After many years of seeing these stories, I worked out a few ideas about how to add make scripting engines a bit more resilient against such attacks -- and have made a GPL-licensed prototype + documentation. Specifically on the matter of type confusion, my proposed approach is to set aside most compiler optimizations, use mandatory type checking with bounds specified as part of a memory-binding primitive for all dynamic memory access, use a globally applicable CPU register allocation, get rid of the stack and heap (or at least don't allow any dynamic memory access within general storage) and instead use separate memory-mapped storage [with fine-grained ASLR] for each object or array. I am not an expert in any of this and would prefer not be mistaken for one; I just read the news and try to gain a working understanding. If anyone does take an interest, the project is going to need formal backing, audits, and review before any serious deployment. https://github.com/Jonathan-R-...

Comment REPL + simplified namespace (Score 1) 145

If IDEs use a "Hello World" application as the default initial state for new projects, then the desired introduction is already readily available. If the goal is to make Java more useful as an introductory language, a better approach would be to take all commonly used objects and classes, create aliases for them in a simplified namespace, make it interactive with a REPL, and add an option to export all REPL inputs as a proper Java class with all aliases replaced with fully qualified names (plus commented out code for anything that threw an exception).

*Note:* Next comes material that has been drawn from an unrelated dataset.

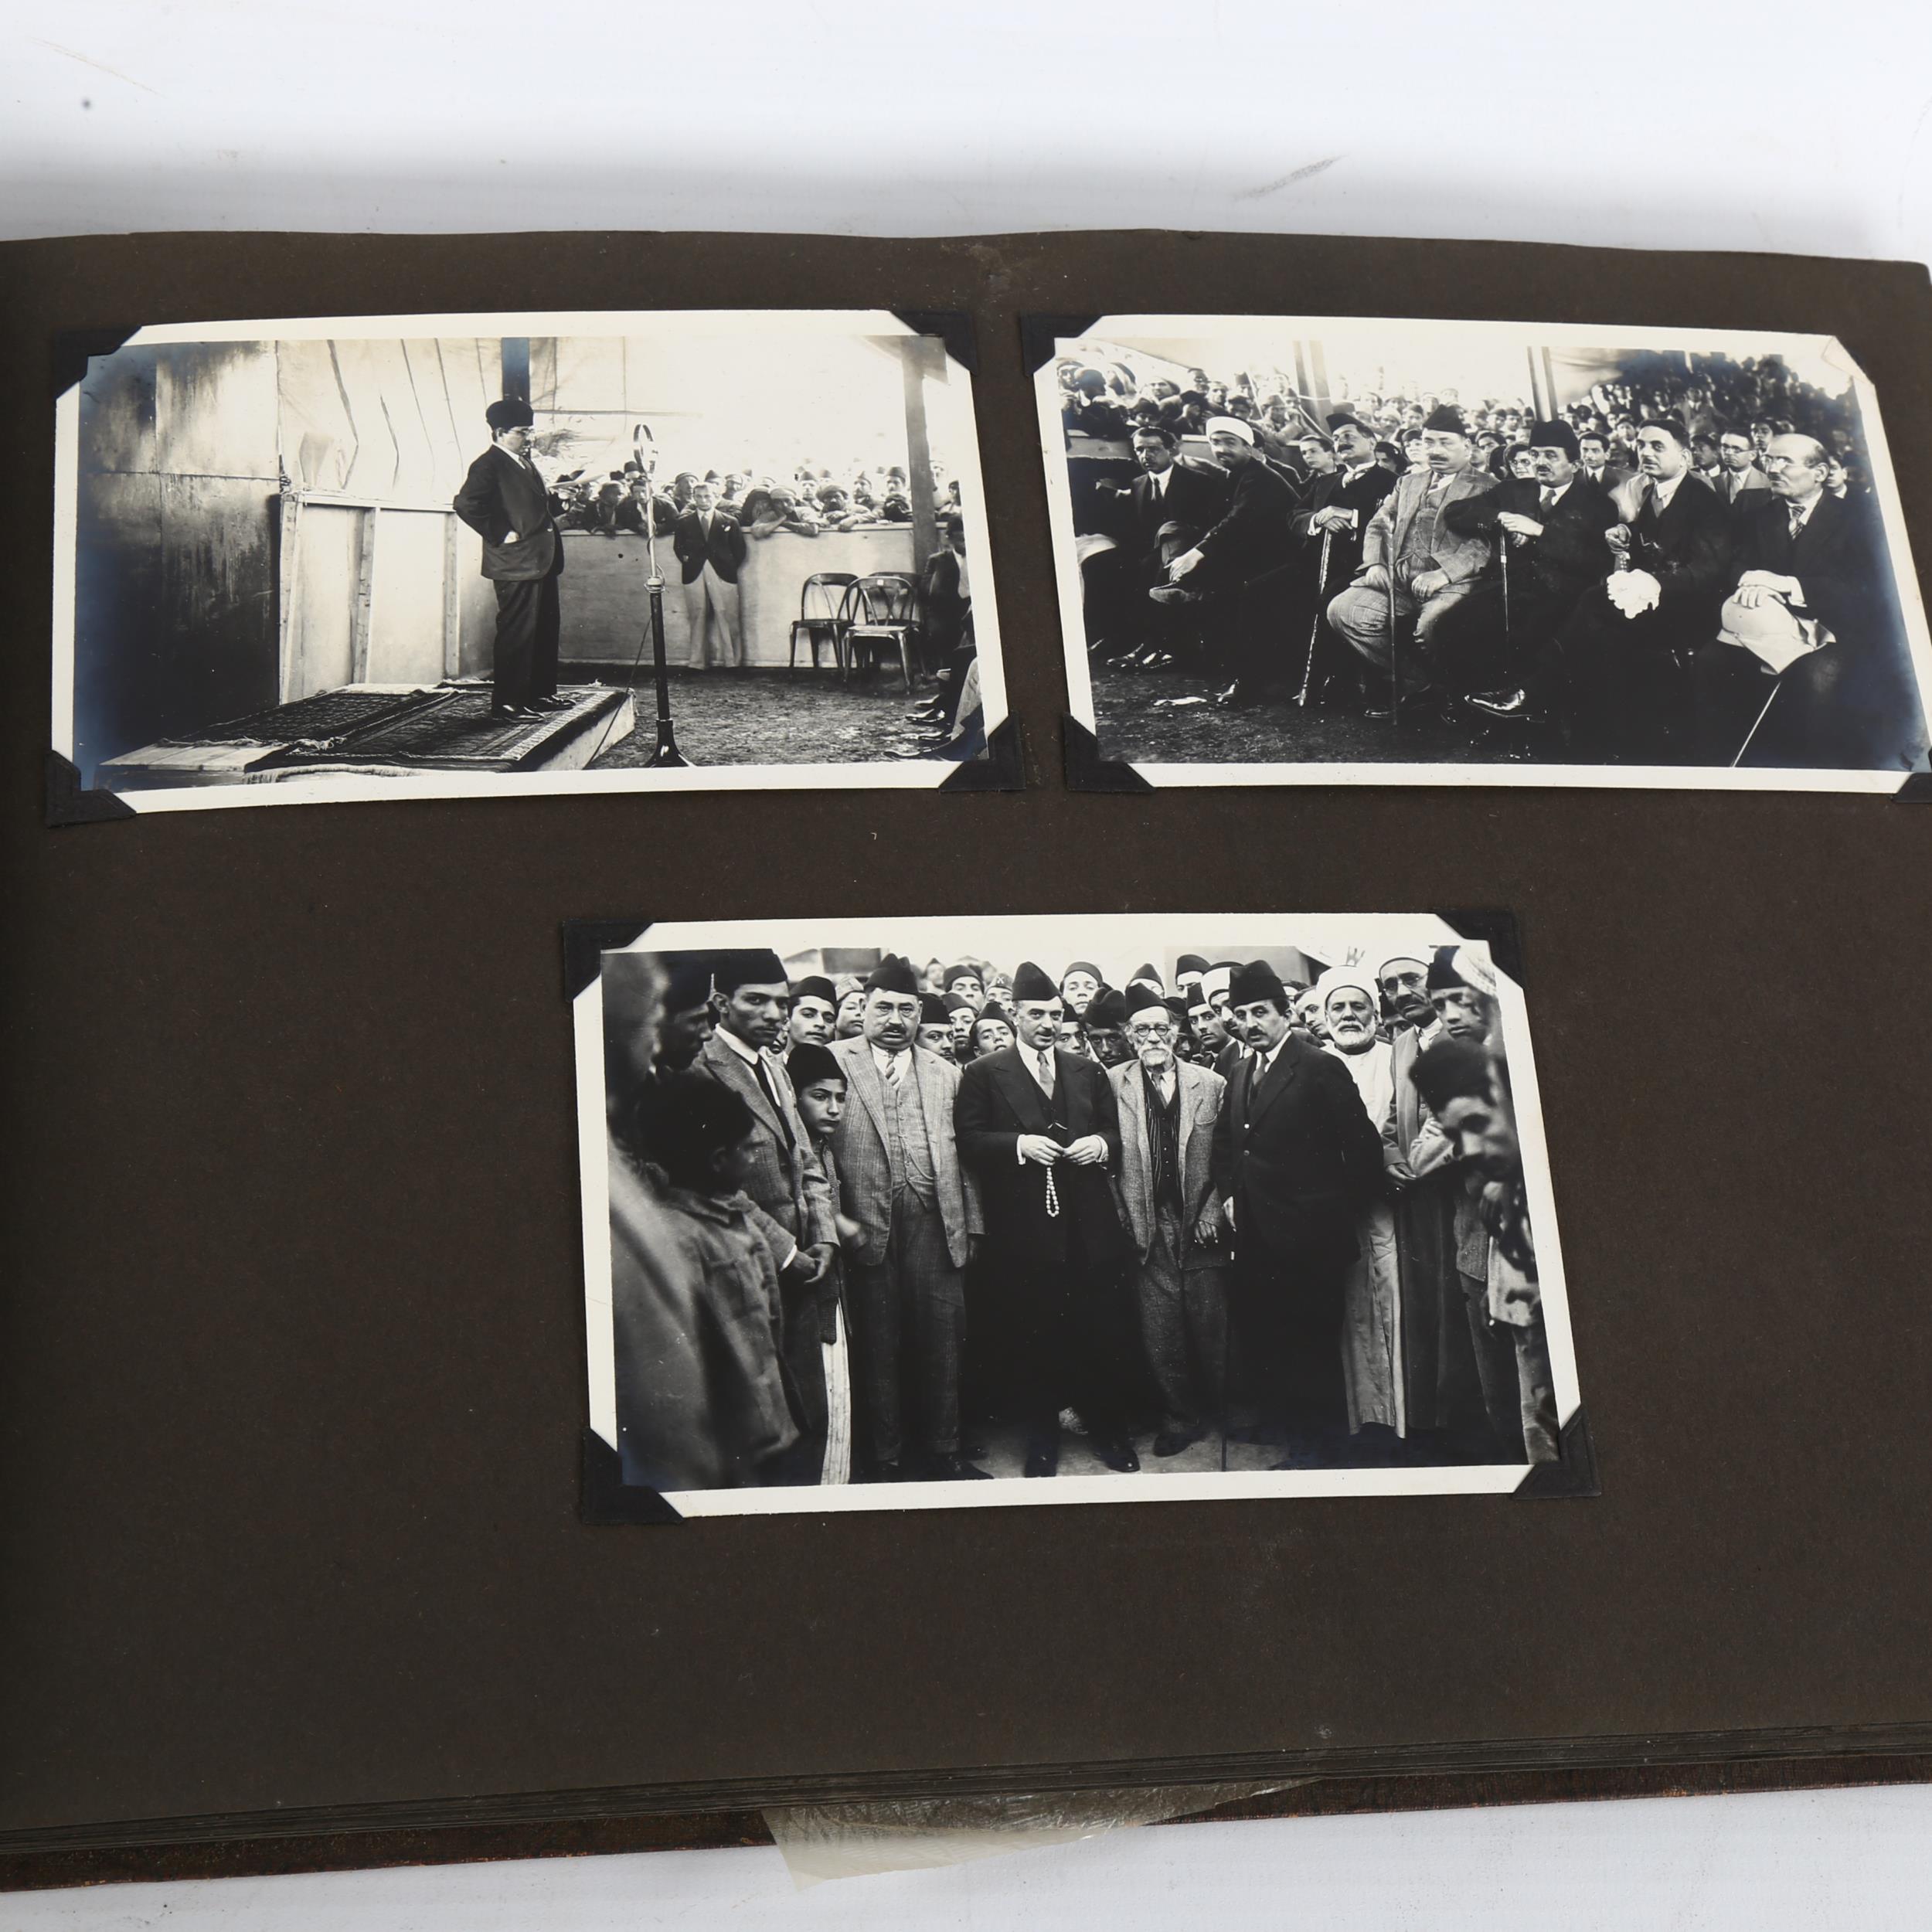 A photo album of circa early 1930s' photos from Iraq, most of dignitaries including King Faisal I - Image 3 of 3

Comment Get an entry level. (Score 1) 214

Get an entry level. Use objective standards for hiring into entry level positions. Publicize the objective standards for hiring into entry level positions. Make sure the objective standards for entry level positions can feasibly be met by individuals who have aptitude and patience. Make sure that meeting the objective standards are broadly applicable. If there are too many candidates, don't insert a bunch of arbitrary requirements to try to thin out the field - random selection of qualified candidates should suffice. Use internal training and promotion to fill the more advanced roles.